In a speech on the future of the Armed Forces to the House of Commons on 19 October 2010 Prime Minister David Cameron set out plans that would mean cuts: 7,000 jobs go in the British Army; 5,000 in the Royal Navy; 5,000 in the Royal Air Force; and 25,000 civilian jobs at the Ministry of Defence. In terms of equipment, the RAF would lose the Nimrod reconnaissance aircraft programme, the entire Harrier fleet would be scrapped, and bases will be turned over to the Army. The Army will have its tanks and heavy artillery cut by 40%, and half of the soldiers in Germany will return to the UK by 2015, with the rest brought home by 2030 and housed in former RAF bases. The Navy would have its destroyer and frigate fleet cut from 23 to 19 (by cutting the Type 22 frigates) and will be provided with less expensive frigates. It will be affected by the loss of the Harriers. Overall, the defence budget was to be cut by 8% but Cameron insisted that Britain would continue to meet the NATO target of spending 2% of GDP on defence.

In the same speech Cameron announced a national cyber security programme, costing £500 million, "to fix shortfalls in cyber infrastructure", while more focus will be given to tackling terrorists such as Al Qaeda and dissident Irish republicans in what he said would be "continuing investment in our world class intelligence agencies". Army numbers will fall to 95,500 by 2015 – 7,000 fewer than today – but ground forces will continue to have vital operational role in the future, he said.

===Resignation===
It was revealed that Fox's close friend, best man and former business partner Adam Werritty had made visits to Fox at the Ministry of Defence (MoD) in Whitehall on 22 occasions in 16 months; Werritty was not security-cleared with the MoD. Additionally, over a 17-month period, ending October 2011, Werritty was present at 40 of Fox's 70 recorded engagements. The uncertain nature of Werritty's relationship with Fox led to an investigation by senior civil servants, initially the MoD's Permanent Secretary, Ursula Brennan and latterly the Cabinet Secretary Sir Gus O'Donnell. Fox said that Werrity had never worked for him either in an official or unofficial capacity despite allegations that Fox was using a source of advice outside the Civil Service, paid for by private funds, allegedly a private intelligence firm. Disclosure of increasing amounts of detail of their contact, funding and explanations of their relationship led to Fox's resignation on 14 October 2011 in advance of O'Donnell's report of his investigation into Fox breaking the Ministerial code by letting his friend Adam Werritty into defence meetings.

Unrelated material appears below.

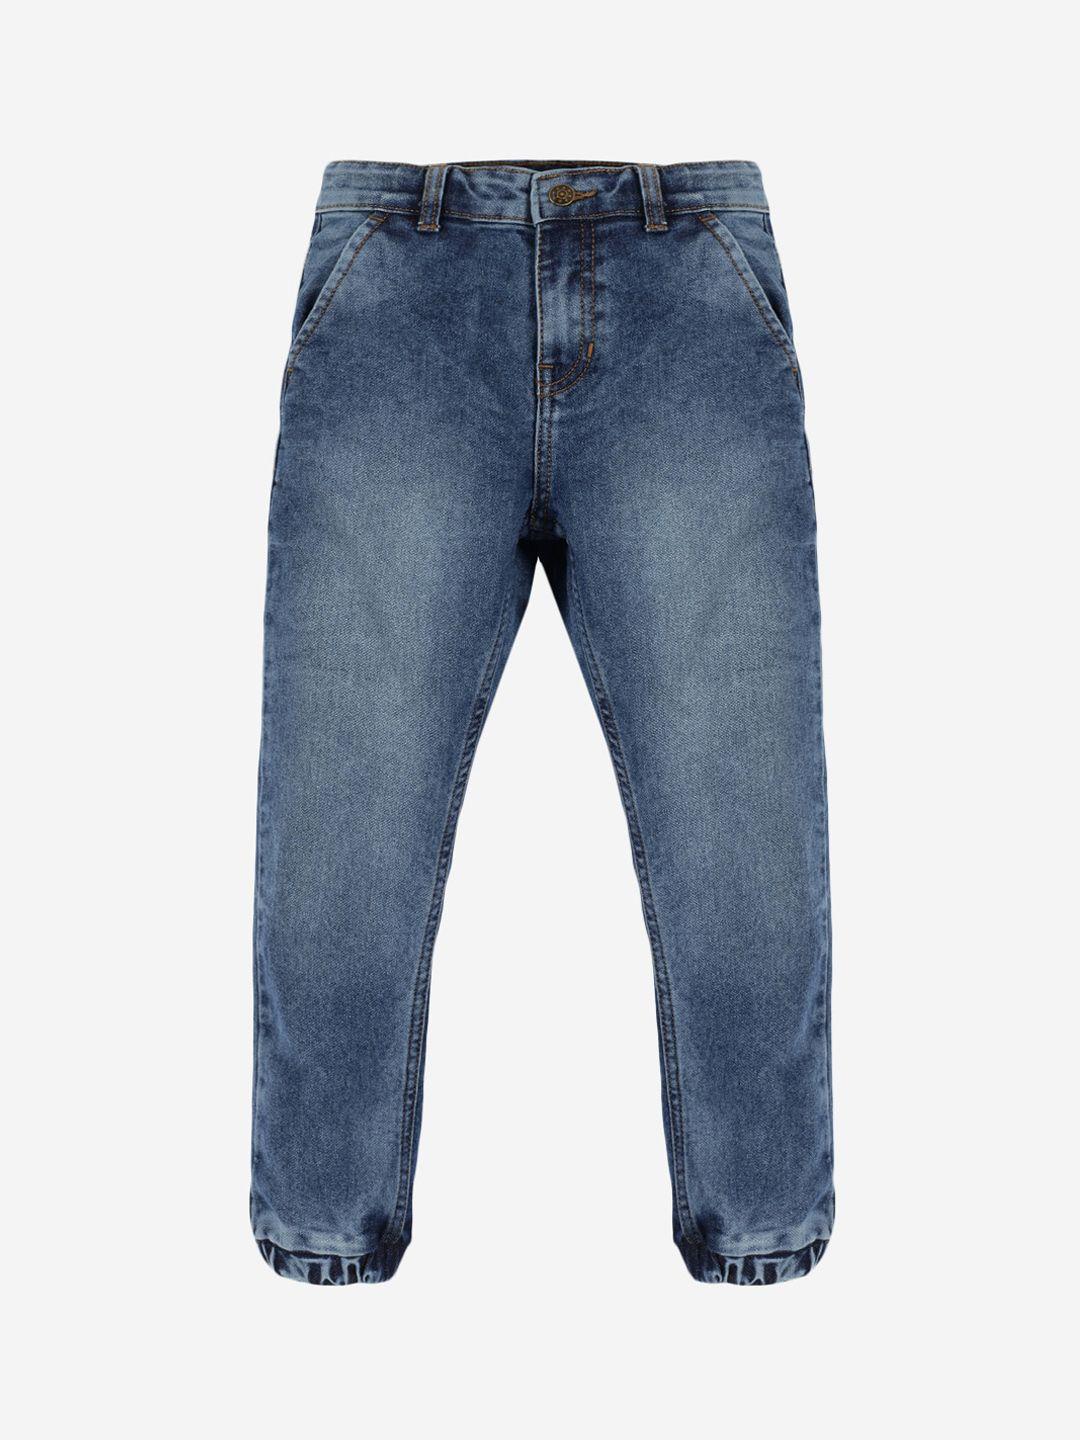 kiddopanti-kids-boys-blue-jean-jogger-light-fade-denim-jeans

The Cabinet Secretary's investigation into the incident concluded that Fox's conduct constituted a "clear breach of the Ministerial code" and that his actions posed a "security risk".

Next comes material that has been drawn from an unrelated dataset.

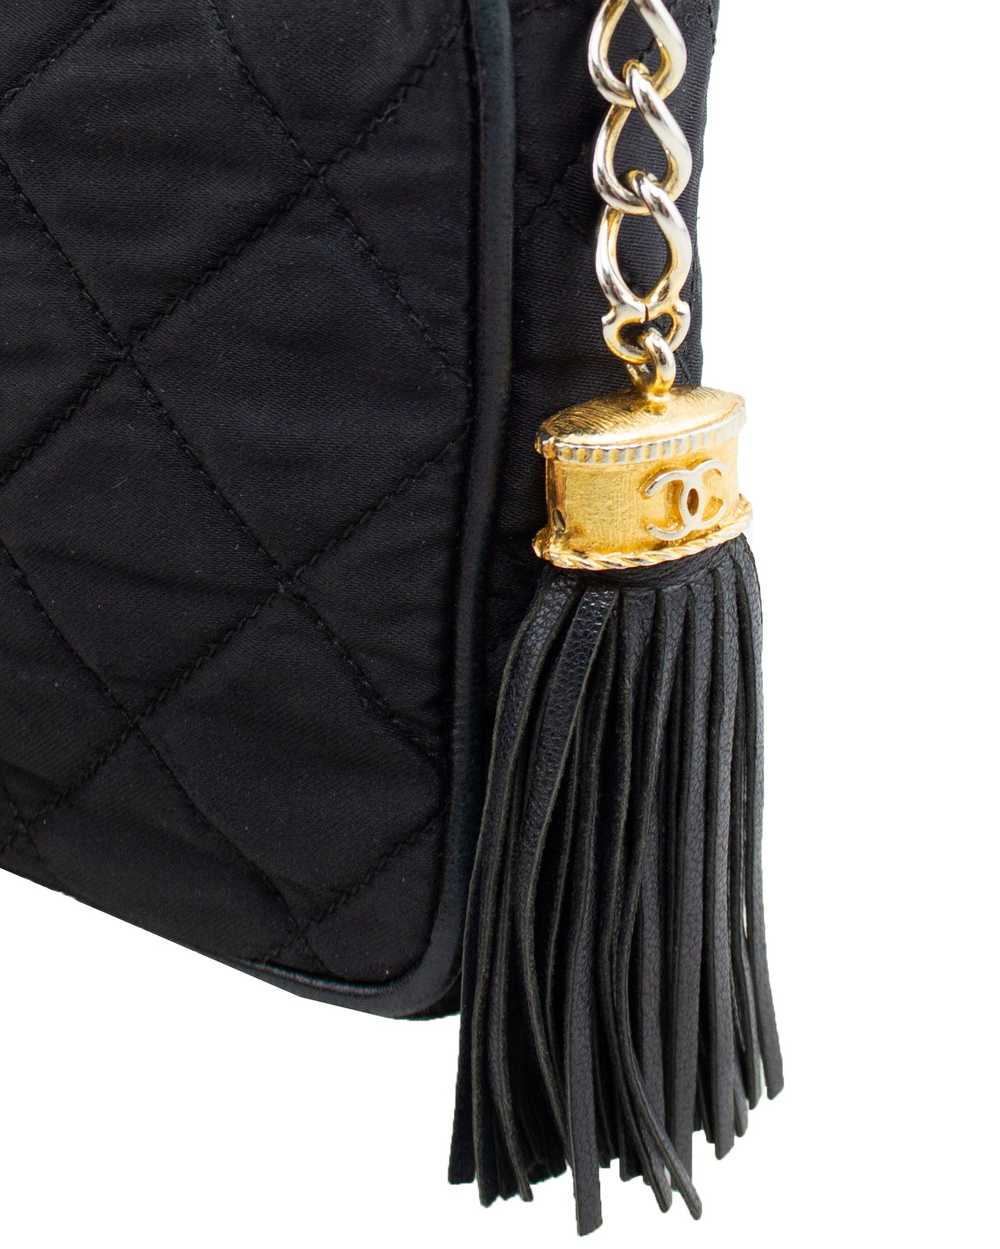 Chanel Black Satin Quilted Evening Bag - image 3

==Secretary of State for International Trade==
After Theresa May became Prime Minister of the United Kingdom in July 2016, Fox was appointed Secretary of State for International Trade, responsible for helping to secure trade deals with other countries following Brexit.

The Wall Street Journal reported Fox as saying he would prefer a free trade agreement with the EU rather than be part of the European Union Customs Union, which he said could restrict Britain's ability to negotiate lower tariffs with other trading partners.

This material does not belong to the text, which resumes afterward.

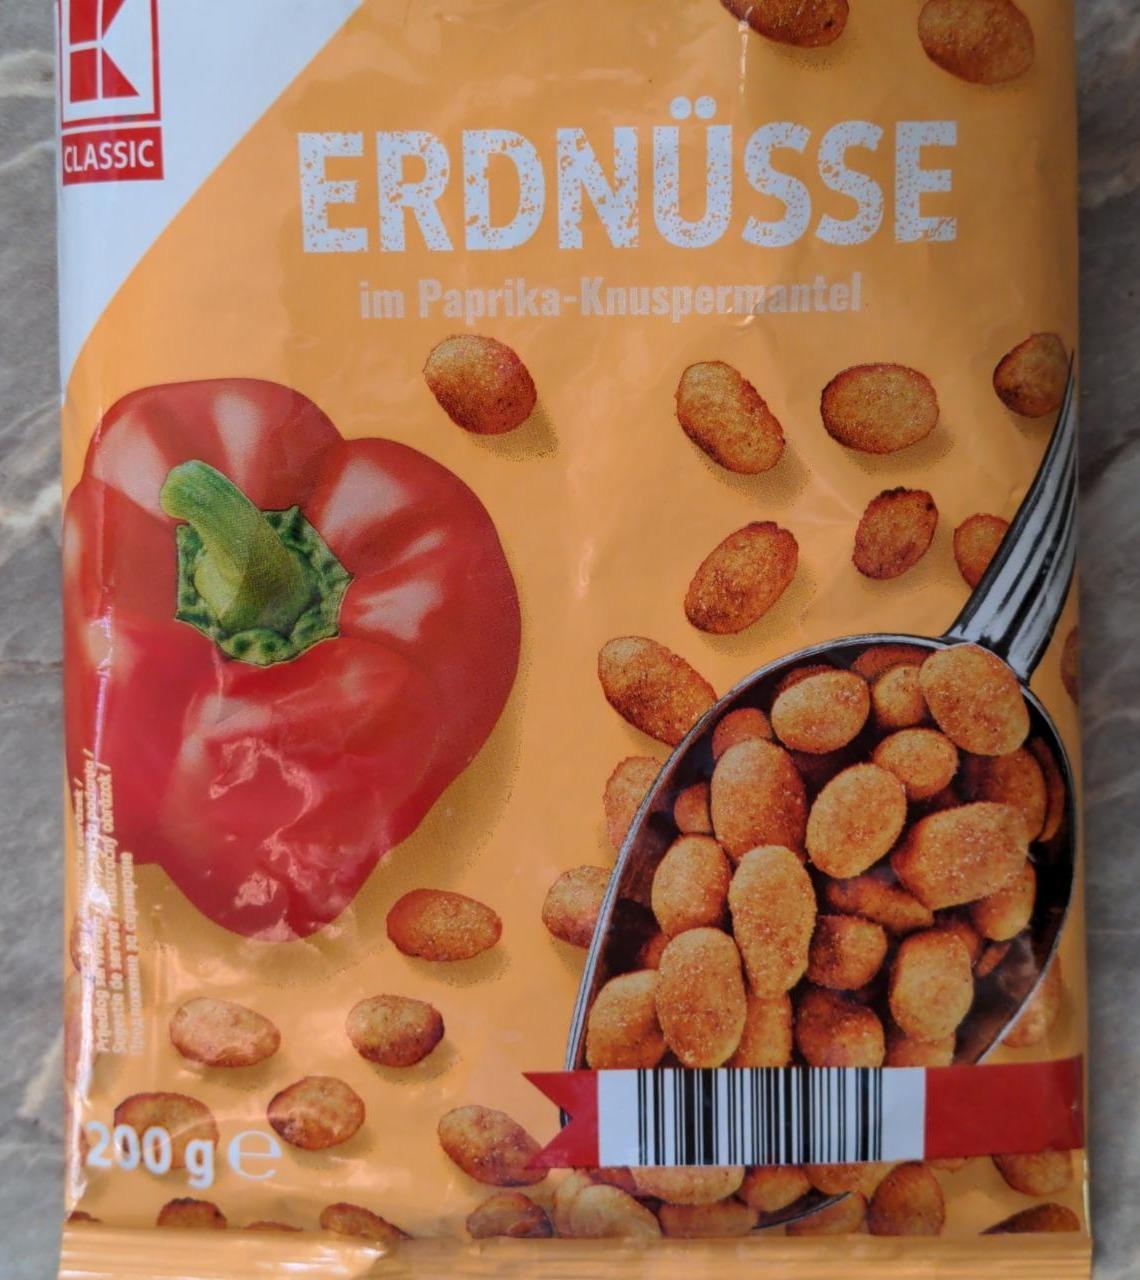 Fotografie - Erdnüsse im Paprika-Knuspermantel K-Classic

In a September 2016 speech on international trade, Fox said there needed to be a change in British business culture, arguing that exporting was a "duty" which companies neglected because "it might be too difficult or too time-consuming or because they can't play golf on a Friday afternoon". In April 2017, he was criticised for a trade visit to the Philippines, where he acknowledged "shared values" when speaking to Philippines President Rodrigo Duterte, heavily criticised for the increase in extrajudicial killings in the Philippines.

In 2017, Fox announced a new Board of Trade which would meet four times a year to "ensure the benefits of free trade are spread throughout the UK." The announcement was criticised by Liberal Democrat MP Tom Brake, who said the board was a "job-creation scheme" for Fox. A DIT spokesman said it was a "technicality" that Fox was the sole member of the board, because of a constitutional convention that full membership is only for privy counsellors. In July 2019, he lost his cabinet position when new Prime Minister Boris Johnson made a cabinet reshuffle.

==Political positions==

===Finances===
Fox was a registered shareholder of the medical educational firm Arrest Ltd, which was dissolved in 2010.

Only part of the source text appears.